(ACTION ITEM)
Your response to the data below should hold nothing except the lines from the one containing "New Outdoor Fire" down to the one containing "Inconnu - Driver", reproduced exactly and without pictures.

*** EXERCISE DATA ***

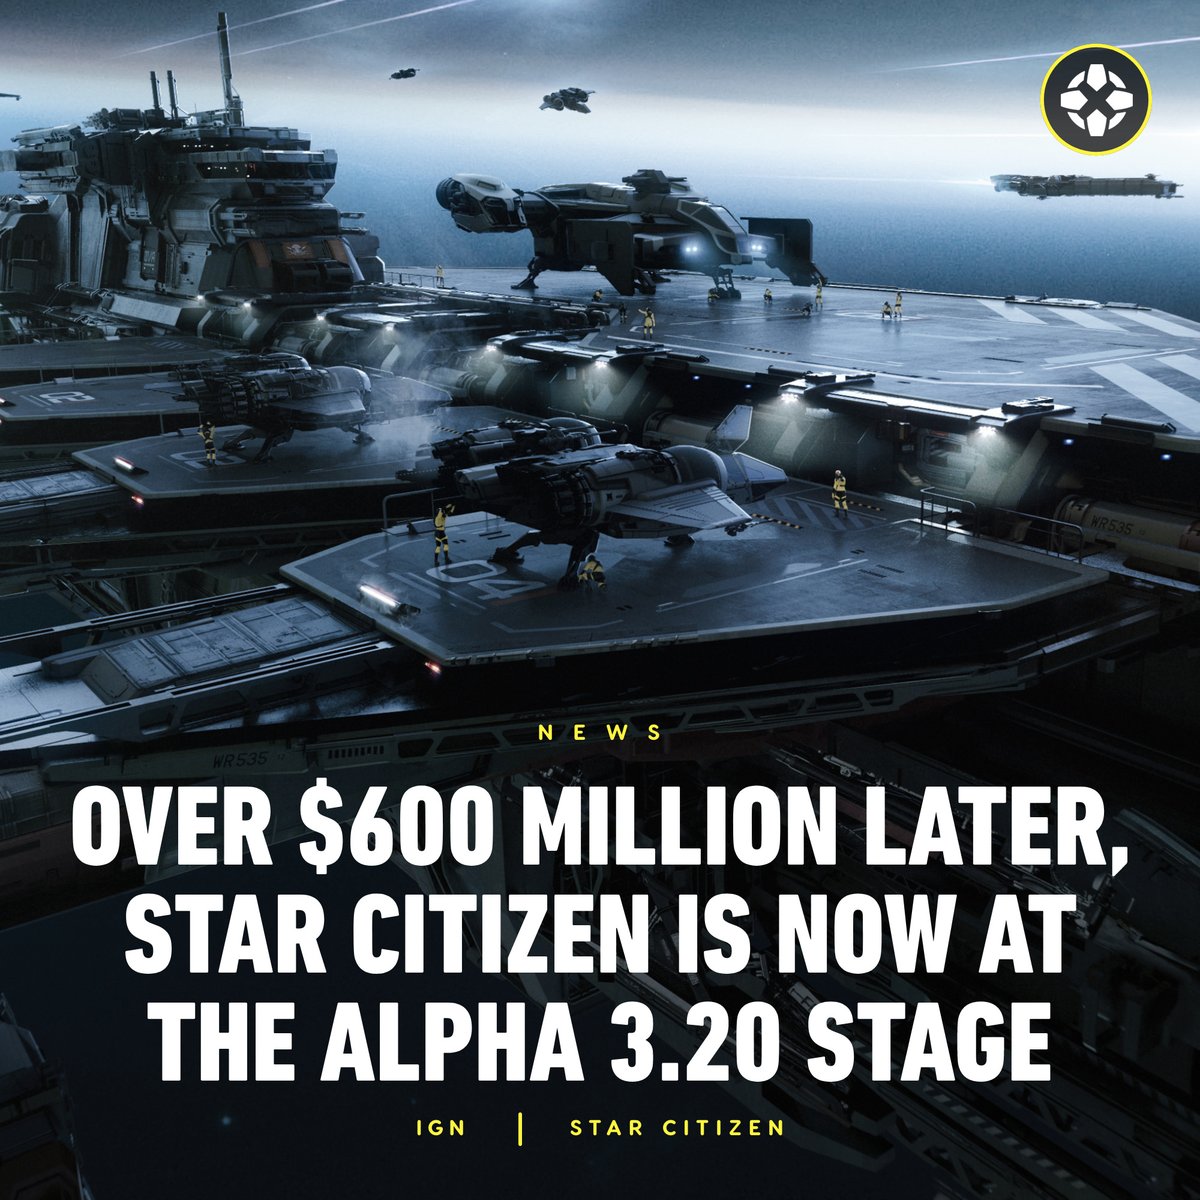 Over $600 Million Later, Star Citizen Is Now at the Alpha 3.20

*** End of EXERCISE DATA ***
*** EXERCISE DATA ***

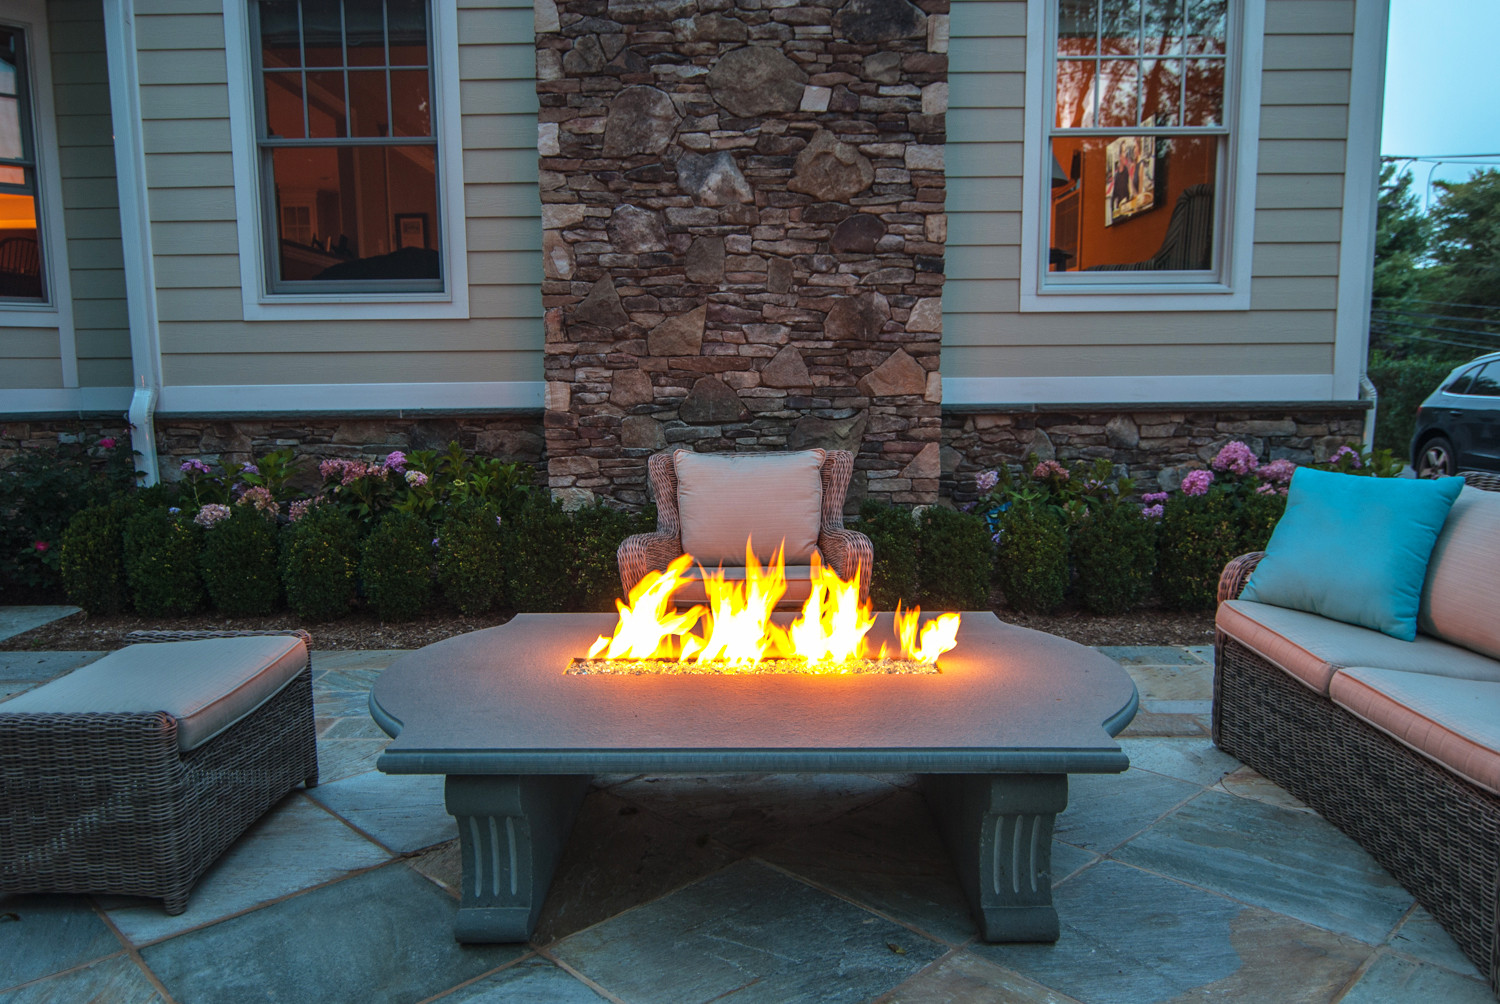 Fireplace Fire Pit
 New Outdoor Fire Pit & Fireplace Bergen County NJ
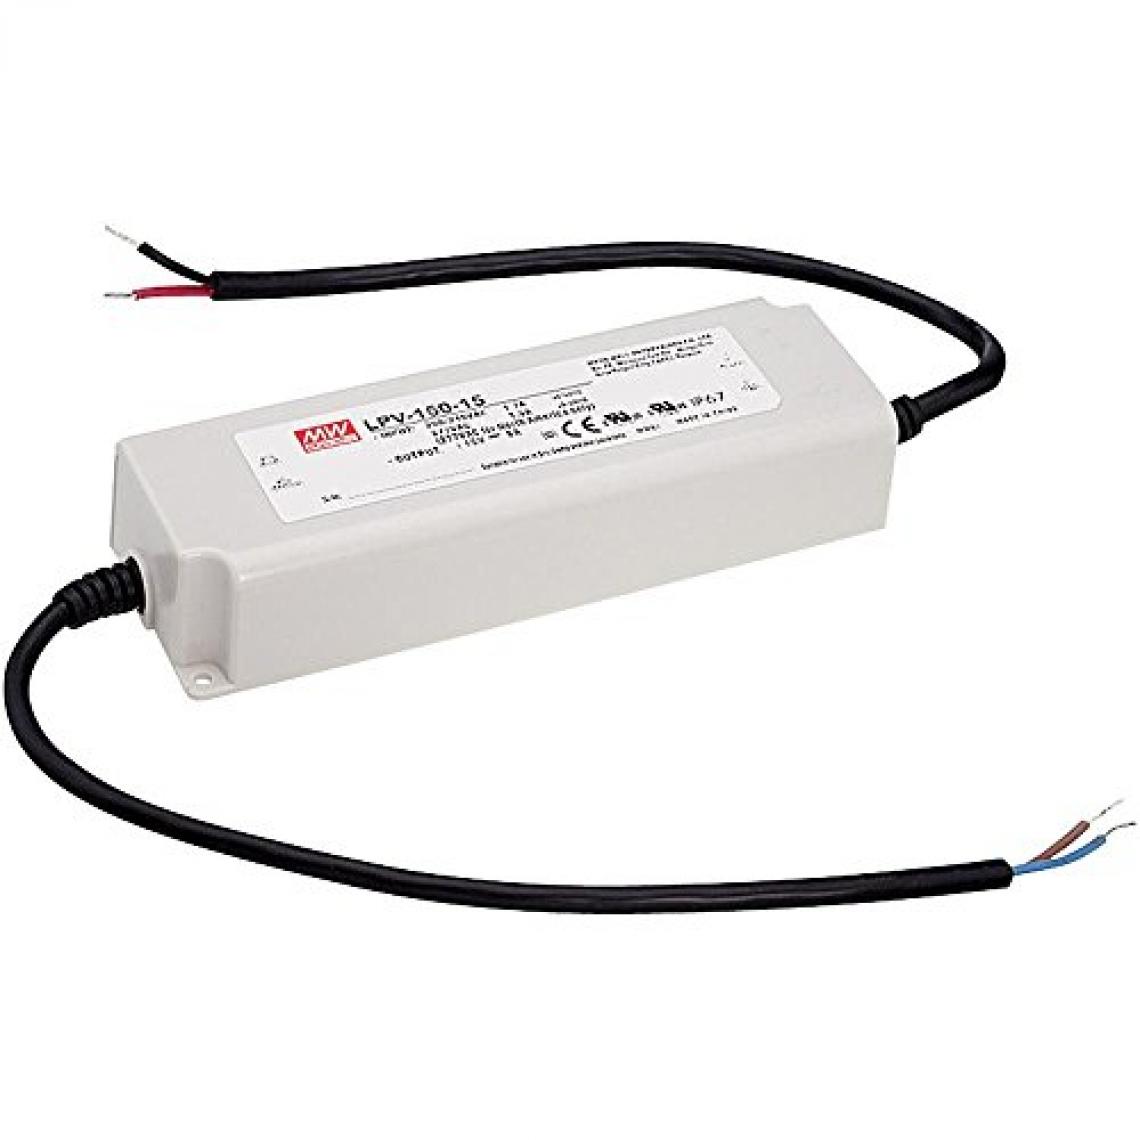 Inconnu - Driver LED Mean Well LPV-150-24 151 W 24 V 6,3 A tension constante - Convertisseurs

*** End of EXERCISE DATA ***

(EXERCISE RESULT)
 New Outdoor Fire Pit & Fireplace Bergen County NJ
 Inconnu - Driver LED Mean Well LPV-150-24 151 W 24 V 6,3 A tension constante - Convertisseurs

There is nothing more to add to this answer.